INPUT DATA
*** Begin section ***
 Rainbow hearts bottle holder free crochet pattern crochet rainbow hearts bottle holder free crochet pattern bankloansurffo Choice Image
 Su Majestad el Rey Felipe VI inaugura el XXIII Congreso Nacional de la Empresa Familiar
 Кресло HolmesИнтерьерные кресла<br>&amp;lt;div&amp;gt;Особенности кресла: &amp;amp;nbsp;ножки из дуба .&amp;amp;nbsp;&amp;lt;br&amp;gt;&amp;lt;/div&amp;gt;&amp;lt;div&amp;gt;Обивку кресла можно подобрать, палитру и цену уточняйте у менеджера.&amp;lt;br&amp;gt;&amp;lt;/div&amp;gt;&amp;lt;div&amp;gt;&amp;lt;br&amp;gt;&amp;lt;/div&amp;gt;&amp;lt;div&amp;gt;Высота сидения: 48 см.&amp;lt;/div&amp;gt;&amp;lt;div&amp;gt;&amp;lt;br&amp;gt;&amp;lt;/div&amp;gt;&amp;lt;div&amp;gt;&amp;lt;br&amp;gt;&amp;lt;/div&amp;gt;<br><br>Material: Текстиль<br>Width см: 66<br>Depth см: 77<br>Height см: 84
*** End section ***
DIRECTIONS
All the data needs repeating. Return it exactly.

OUTPUT FOR THIS EXERCISE
 Rainbow hearts bottle holder free crochet pattern crochet rainbow hearts bottle holder free crochet pattern bankloansurffo Choice Image
 Su Majestad el Rey Felipe VI inaugura el XXIII Congreso Nacional de la Empresa Familiar
 Кресло HolmesИнтерьерные кресла<br>&amp;lt;div&amp;gt;Особенности кресла: &amp;amp;nbsp;ножки из дуба .&amp;amp;nbsp;&amp;lt;br&amp;gt;&amp;lt;/div&amp;gt;&amp;lt;div&amp;gt;Обивку кресла можно подобрать, палитру и цену уточняйте у менеджера.&amp;lt;br&amp;gt;&amp;lt;/div&amp;gt;&amp;lt;div&amp;gt;&amp;lt;br&amp;gt;&amp;lt;/div&amp;gt;&amp;lt;div&amp;gt;Высота сидения: 48 см.&amp;lt;/div&amp;gt;&amp;lt;div&amp;gt;&amp;lt;br&amp;gt;&amp;lt;/div&amp;gt;&amp;lt;div&amp;gt;&amp;lt;br&amp;gt;&amp;lt;/div&amp;gt;<br><br>Material: Текстиль<br>Width см: 66<br>Depth см: 77<br>Height см: 84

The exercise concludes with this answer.